I told her to go back to her place and let me sleep. Instead of doing that, she sat down on Derek’s bed. Then laid down. I wanted to ask if she was going to sleep there, but before I could she had fallen asleep. I sighed, and fell asleep myself. I only got a good hour in before it was time to wake up and check out purification. I guzzled down some breakfast, woke up Maiya, put on my ear plugs and walked out the door. Maiya lagged behind me a bit, but I knew she’d catch up. Together, we took the path west of my enclave, through the living area and out to the purification plant.

Unlike the rest of the mines, the purification plant was suspiciously dark. I couldn’t make out why this was, though I guessed it had to do with why The Embassy had me inspecting the place.

So, somebody wasn’t doing their job. From the looks of it, the entire place wasn’t doing its job.

The entrance to the purification plant is a huge widening in the cavern walls at the end of the living area where my enclave is located. The cavern widens into a tall atrium, vented at the top for smoke to bellow so that inhabitants don’t choke. The plant itself is massive, and towers almost to the top of the atrium, hundreds of meters high. In the purification plant’s atrium, I always felt like the ant I truly was, making my little ant tunnels and scouring for my little ant resources.

A light tram, nothing but a glowing blue beam of light, passed through the entrance to the atrium. It stopped in front of a large conveyor belt that went into the plant, but for some reason the conveyor belt wasn’t running. No noises came from the plant. I took my ear plugs out to make sure that I wasn’t missing anything, but the entire atrium – usually alive with footsteps and crushing rock – was silent. Slate piled up on top of the conveyor belt where the light tram ended. With work beginning for the day, it had already begun spitting out new chunks of Slate. Any more, and the conveyor belt might have broken.

Maiya and I approached the plant doors, hoping to be let in somehow, but the entrance was locked. “Do you know of any other doors into this place?” I asked her. She nodded, and began showing me around to another side of the building.

“The architect who designed this plant always includes six means of entry for security reasons. Here’s the first.” She pointed at another door, but it, too, was locked. We tried four other doors located similarly around the building. Some were hidden behind massive boulders of pure Slate. Others were out in the open. But all of them were locked. We had no way of entering the building and completing The Embassy’s task. I looked around once again for any other means of entry. We couldn’t break the windows without disturbing whoever might be working in the building. The doors were locked.
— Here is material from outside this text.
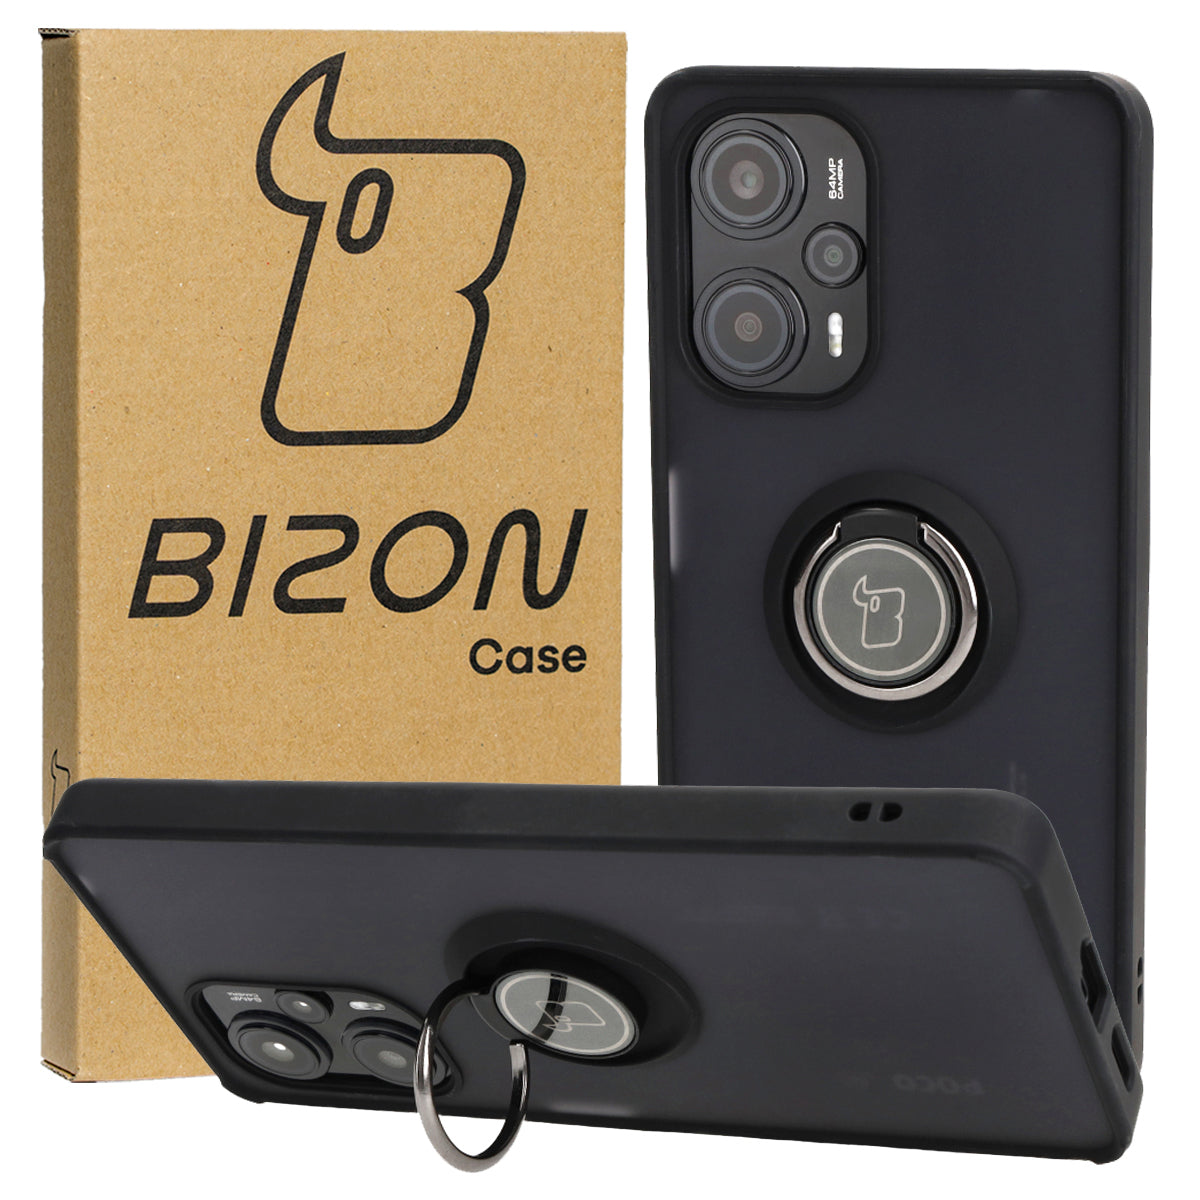 Handyhülle mit Fingergriff für Xiaomi Pocophone F5, Bizon Case Hybrid Ring, getönt mit schwarzem Rahmen

Then I saw the conveyor belt, and ran towards it. As I tried to climb up, Maiya shouted at me. “Are you insane? We can’t go in through the conveyor belt. We’ll be killed! They melt the Slate in there.”

“Well, if they do, they’re not doing it right now. And it’s the only way in. You’re the one who wanted me to listen to The Embassy so badly, so you might as well just climb up onto this thing with me. Don’t worry, I won’t let us die.” To be honest, I wasn’t sure what was going to happen when we entered the building through the conveyor belt, but I walked in anyway.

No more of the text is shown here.